Selon Sean McFate, un ancien mercenaire qui étudie les entrepreneurs militaires privés et qui écrit à ce sujet, les emplois de ce type sont attrayants pour les officiers américains à la retraite.
«Les officiers supérieurs aiment cela parce qu’ils font 25 ans dans l’armée et qu’ils en sortent à 45 ou 50 ans, a-t-il expliqué. Que va faire un gars de l’infanterie ? Travailler chez Walmart [une chaîne de grande distribution américaine] ? Non. Il y a beaucoup d’argent à gagner de cette façon et ils peuvent exploiter leurs compétences.»
Selon Becca Wasser, analyste politique à la Rand Corporation spécialisée dans les politiques de défense et étrangères des États-Unis au Moyen-Orient, les forces émiraties ont bénéficié de formations aux côtés des forces américaines et françaises, ainsi que de leur déploiement en Afghanistan. Elle a néanmoins ajouté que l’armée émiratie dépendait des étrangers qu’elle engage pour demeurer opérationnelle.
«Les activités de coopération en matière de sécurité sont appuyées par un soutien contractuel conséquent à travers l’ensemble des forces armées émiraties, en particulier dans la logistique et la maintenance, a-t-elle précisé.
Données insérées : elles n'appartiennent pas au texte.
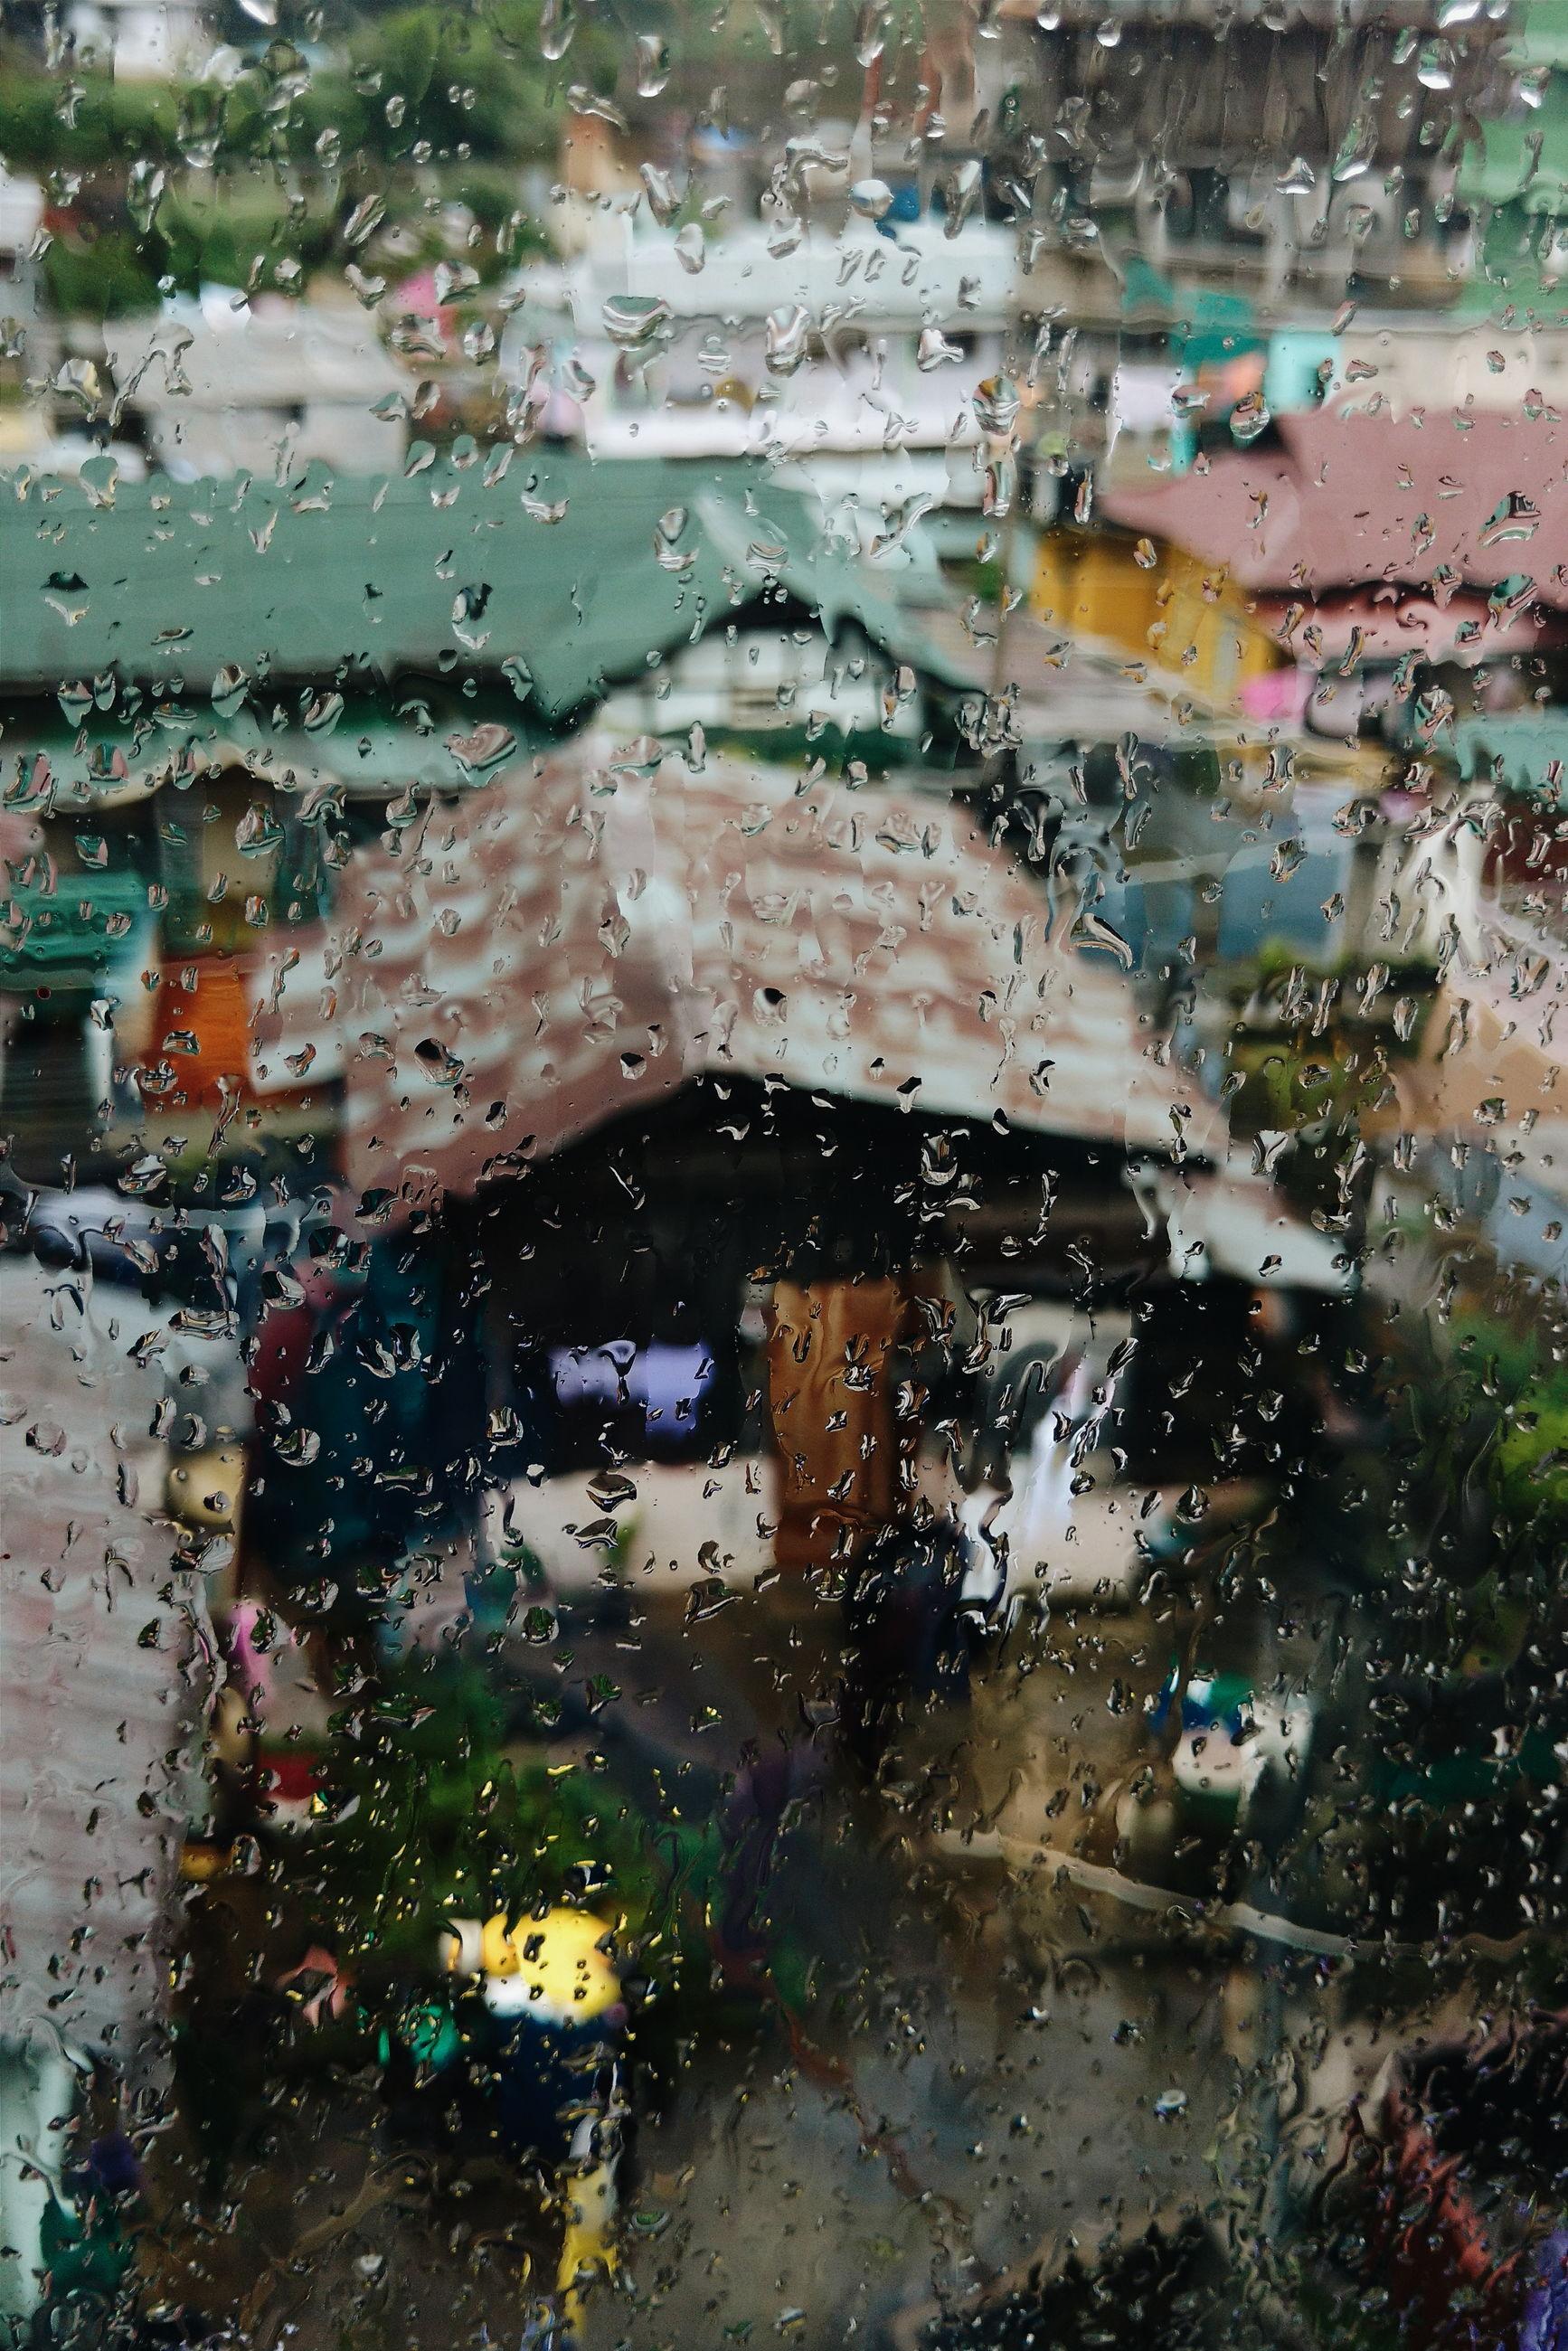 wet, water, rain, season, land vehicle, mode of transport, monsoon, road, city, weather, rainy season, focus on foreground, no people, day, outdoors, close-up, city street, city life

Ces sous-traitants comprennent d’anciens militaires américains et d’autres pays et prennent souvent la part du lion du travail ingrat qui permet de garder l’armée à flot.»
Sous-traiter la guerre
La dépendance de l’armée émiratie envers les étrangers n’est pas tout à fait nouvelle.
En 2010, le fondateur de Blackwater, Erik Prince, a été chargé de constituer aux Émirats arabes unis une armée de mercenaires destinée à affronter tout soulèvement potentiel de travailleurs ou en faveur de la démocratie.
Avant de rejoindre l’administration Trump, le secrétaire à la Défense des États-Unis Jim Mattis a reçu la permission du Corps des Marines des États-Unis d’officier en tant que conseiller militaire pour les Émirats arabes unis en 2015.
Les Émirats arabes unis ont également été accusés d’avoir envoyé des centaines de mercenaires latino-américains – des membres de l’armée de mercenaires fondée par Prince – au combat au Yémen.
Si des troupes émiraties ont été déployées au Yémen et ont joué un rôle clé, une grande partie des combats a été sous-traitée à leurs alliés locaux opposés aux Houthis, ce qui a ainsi limité leurs propres pertes.
Selon McFate, l’ancien mercenaire, cette politique abaisse les barrières de l’entrée en guerre.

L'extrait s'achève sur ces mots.